● HOW TO COMPLETE THIS TASK
Among the lines below, the one containing "Monarch Calcium Filter Unit ACQUA 5XL" opens the range and the one containing "Napier 2.5 In." closes it. Print that range exactly, without the pictures.

● TASK INPUTS

● ● ● ● ●

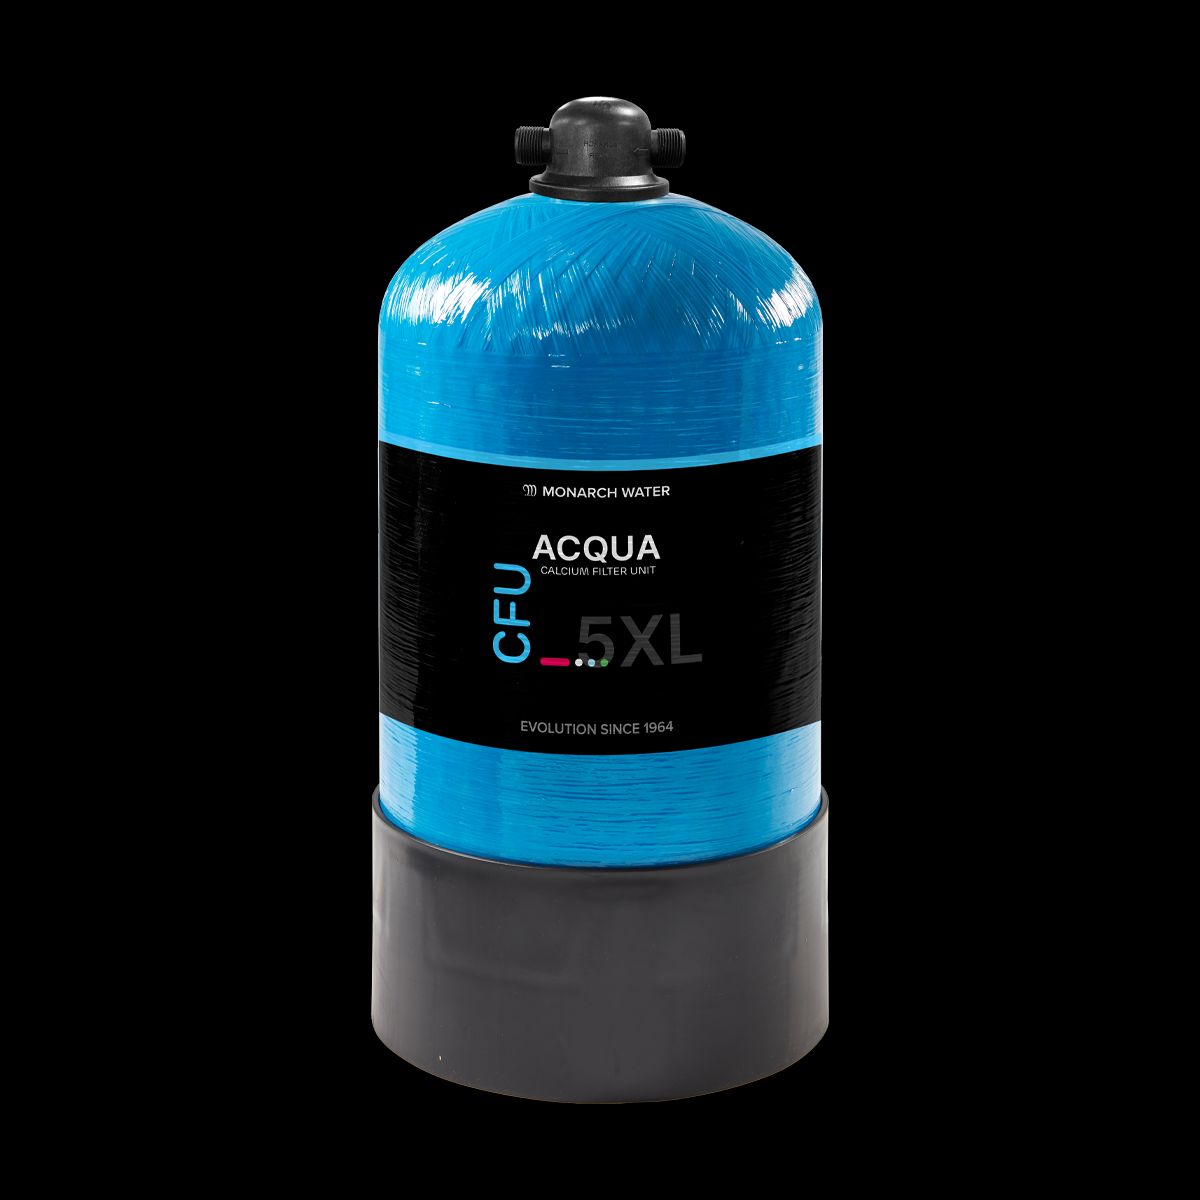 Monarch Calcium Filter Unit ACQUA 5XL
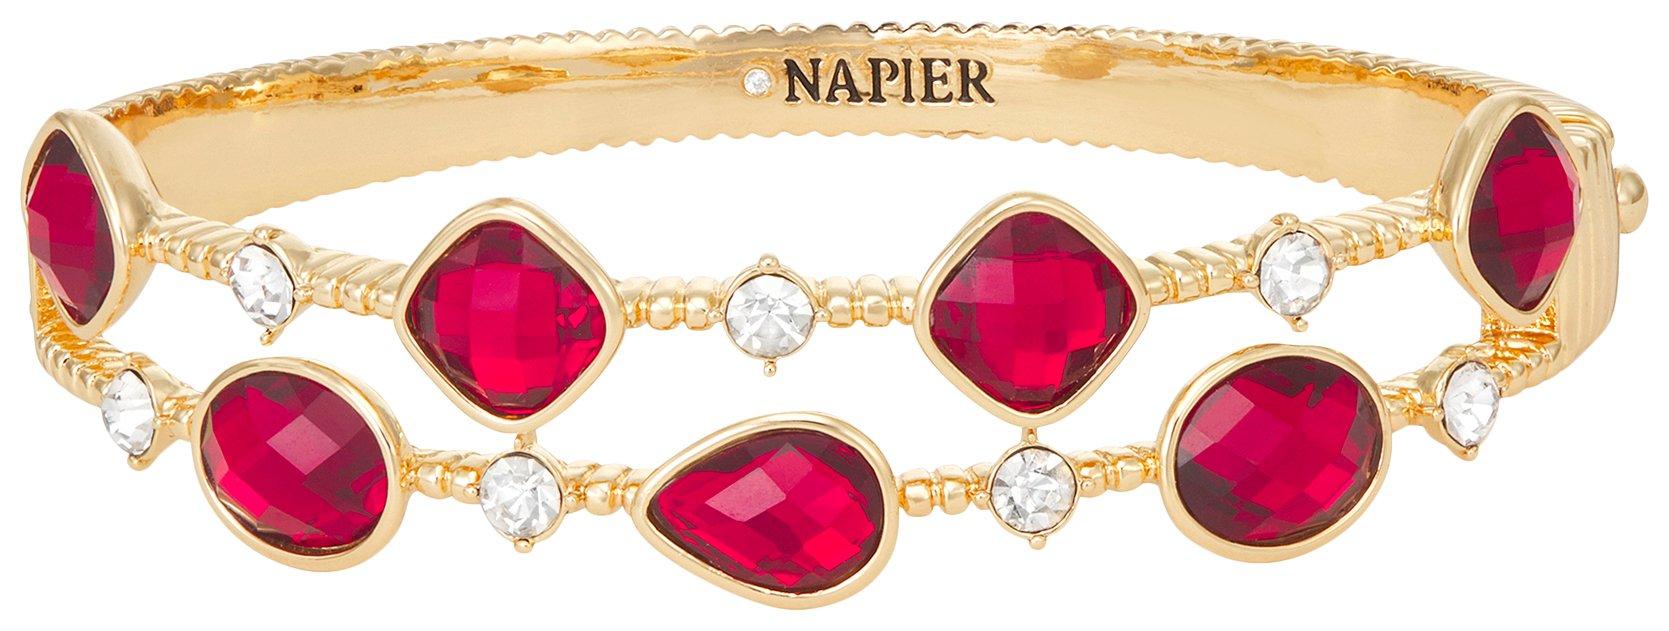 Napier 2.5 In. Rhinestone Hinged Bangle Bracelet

● ● ● ● ●

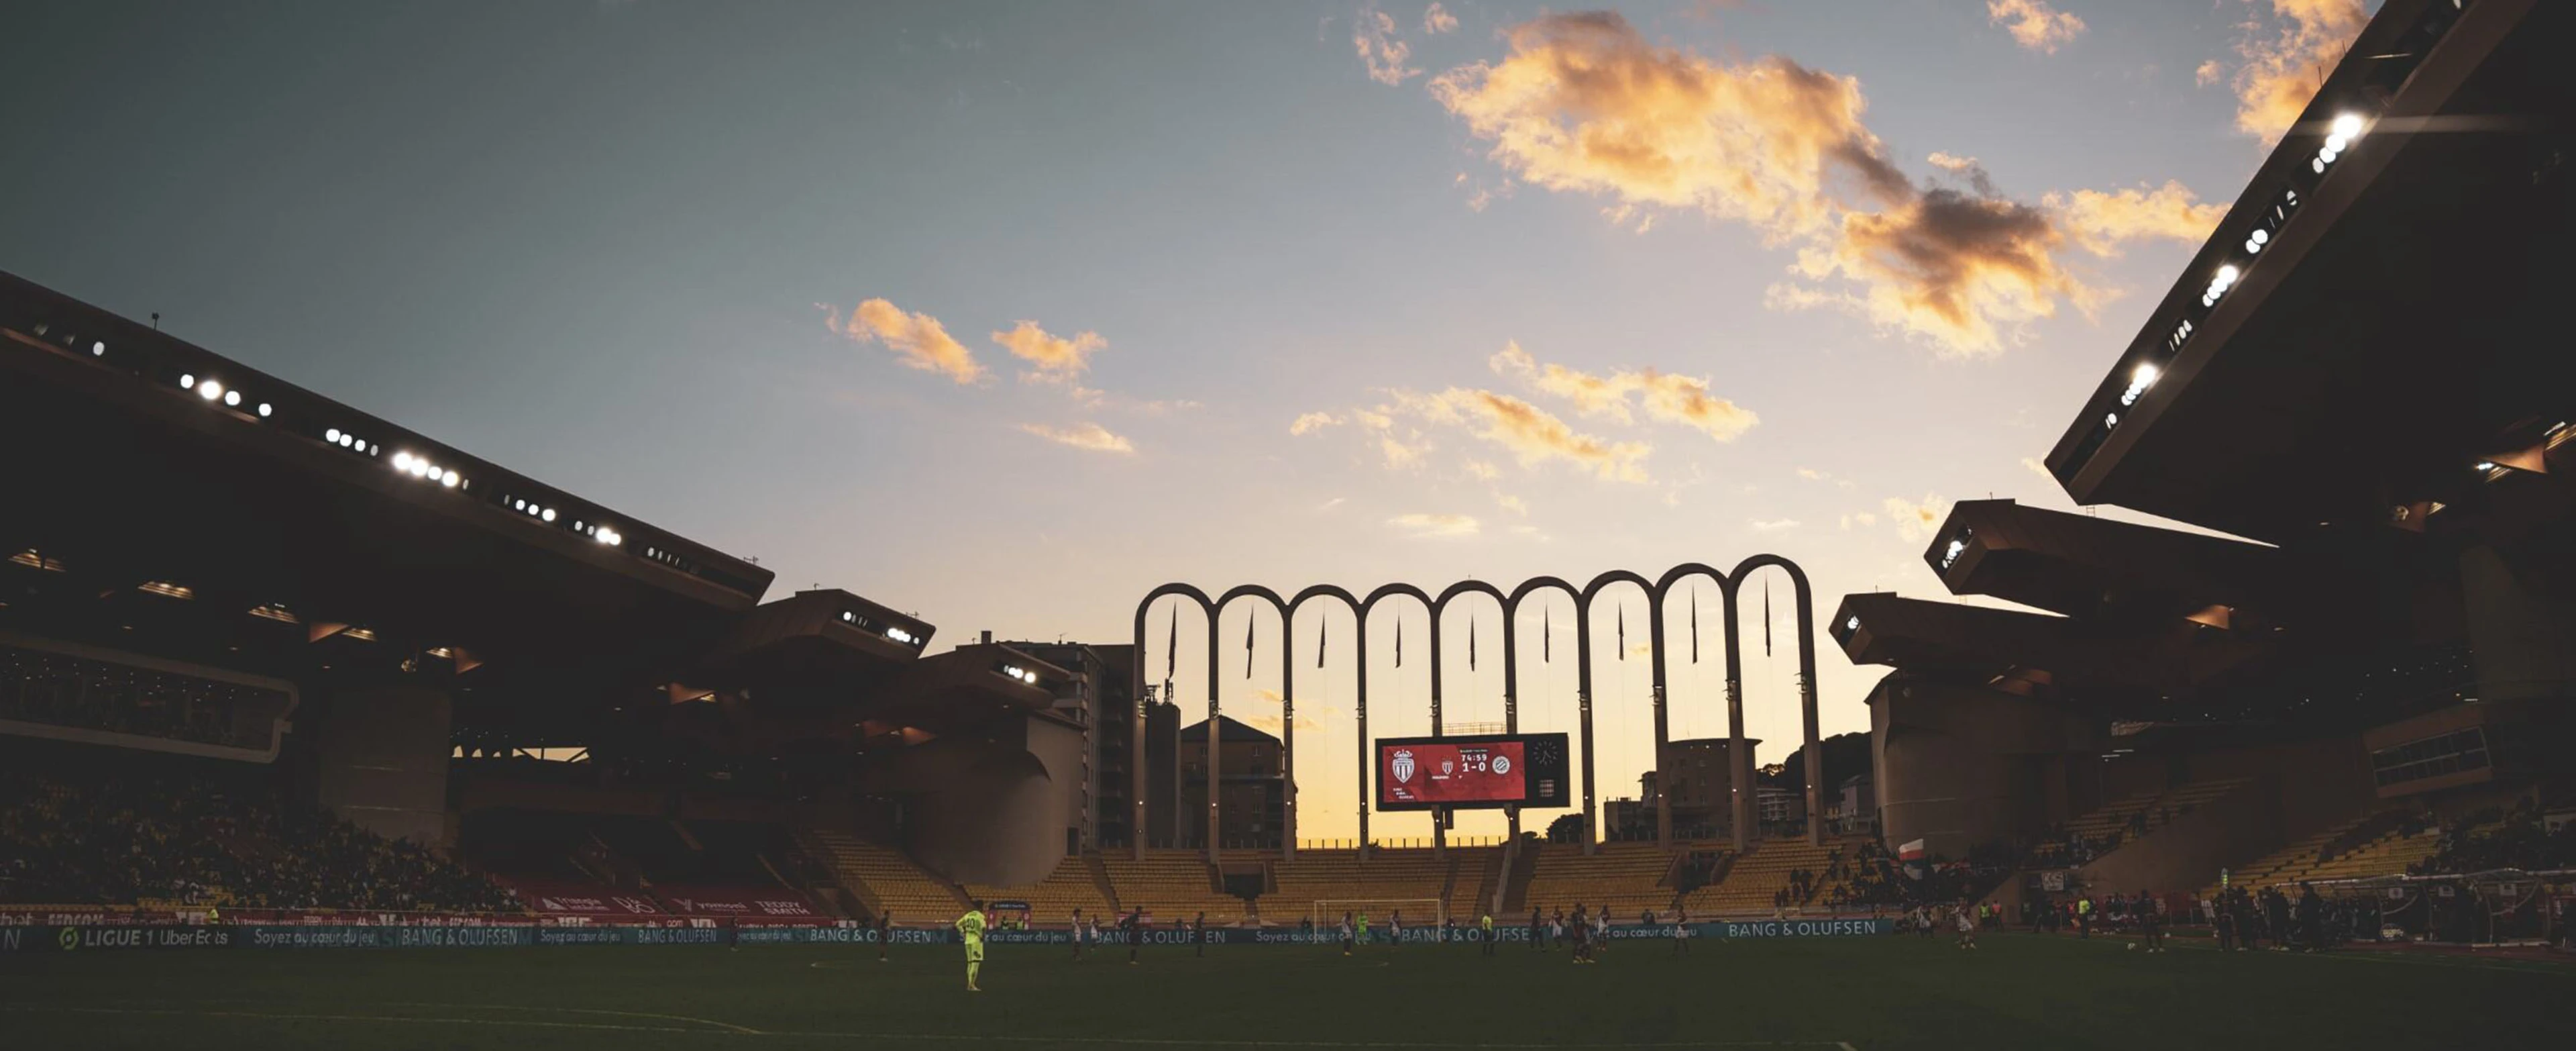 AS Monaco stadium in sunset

● ● ● ● ●

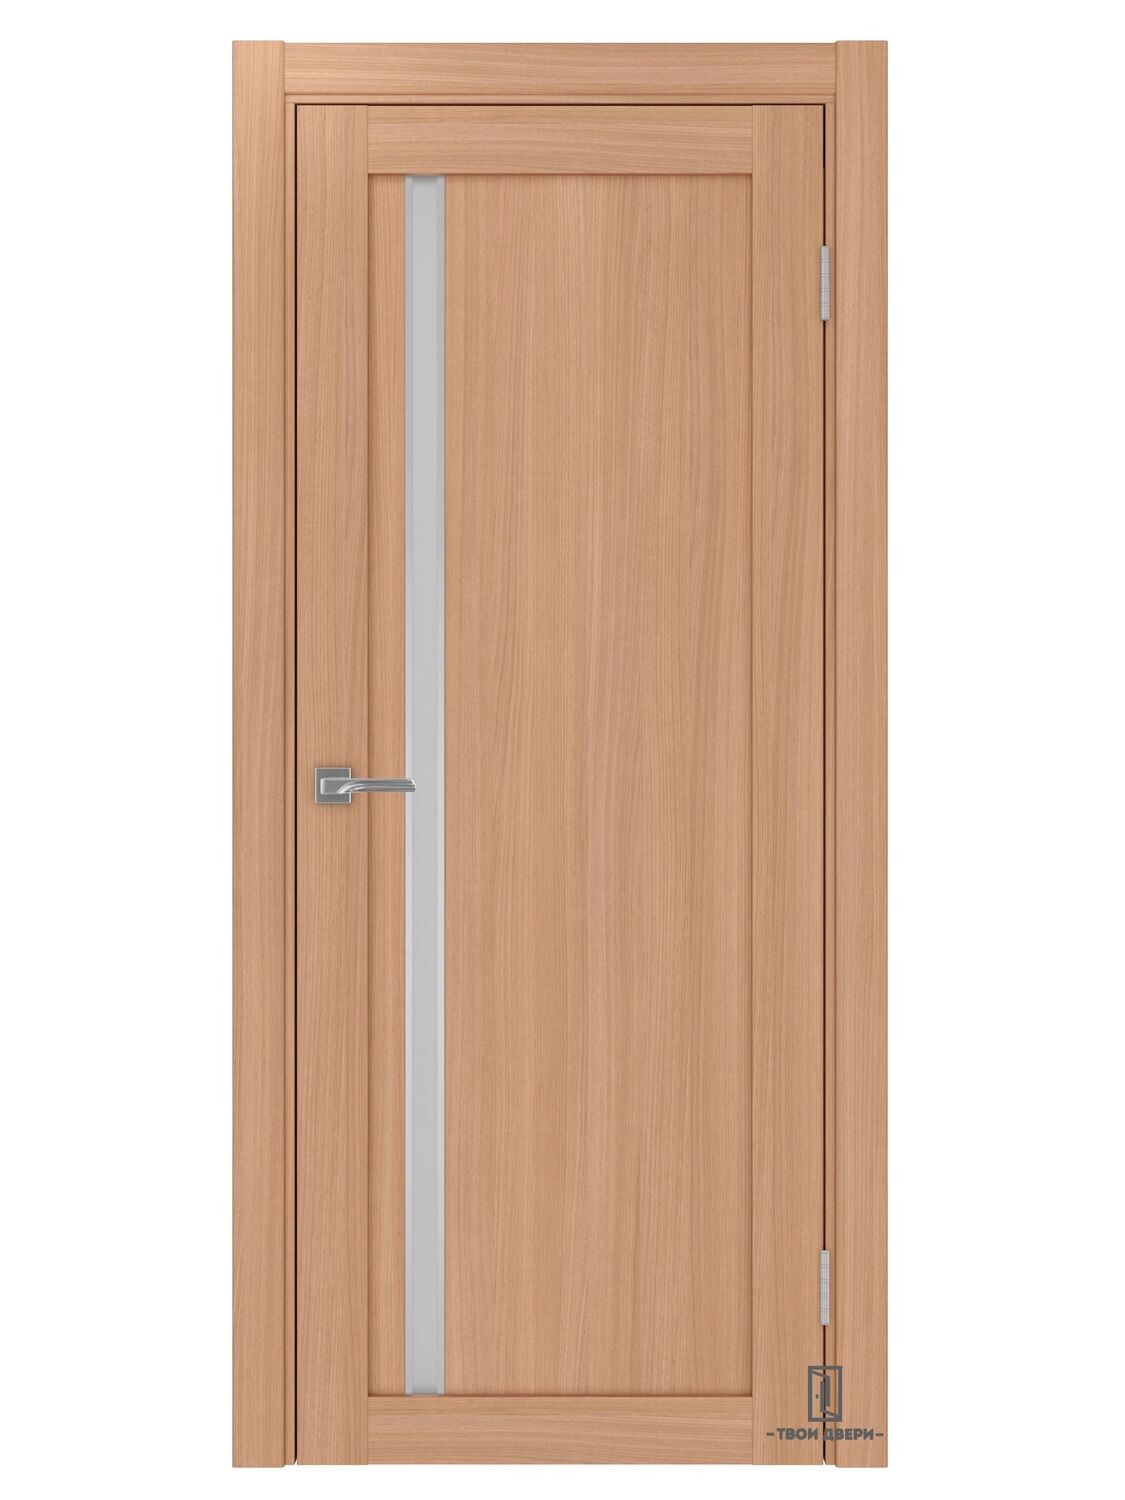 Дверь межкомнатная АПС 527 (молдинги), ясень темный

● ● ● ● ●

● SOLVED EXERCISE
 Monarch Calcium Filter Unit ACQUA 5XL
 Napier 2.5 In. Rhinestone Hinged Bangle Bracelet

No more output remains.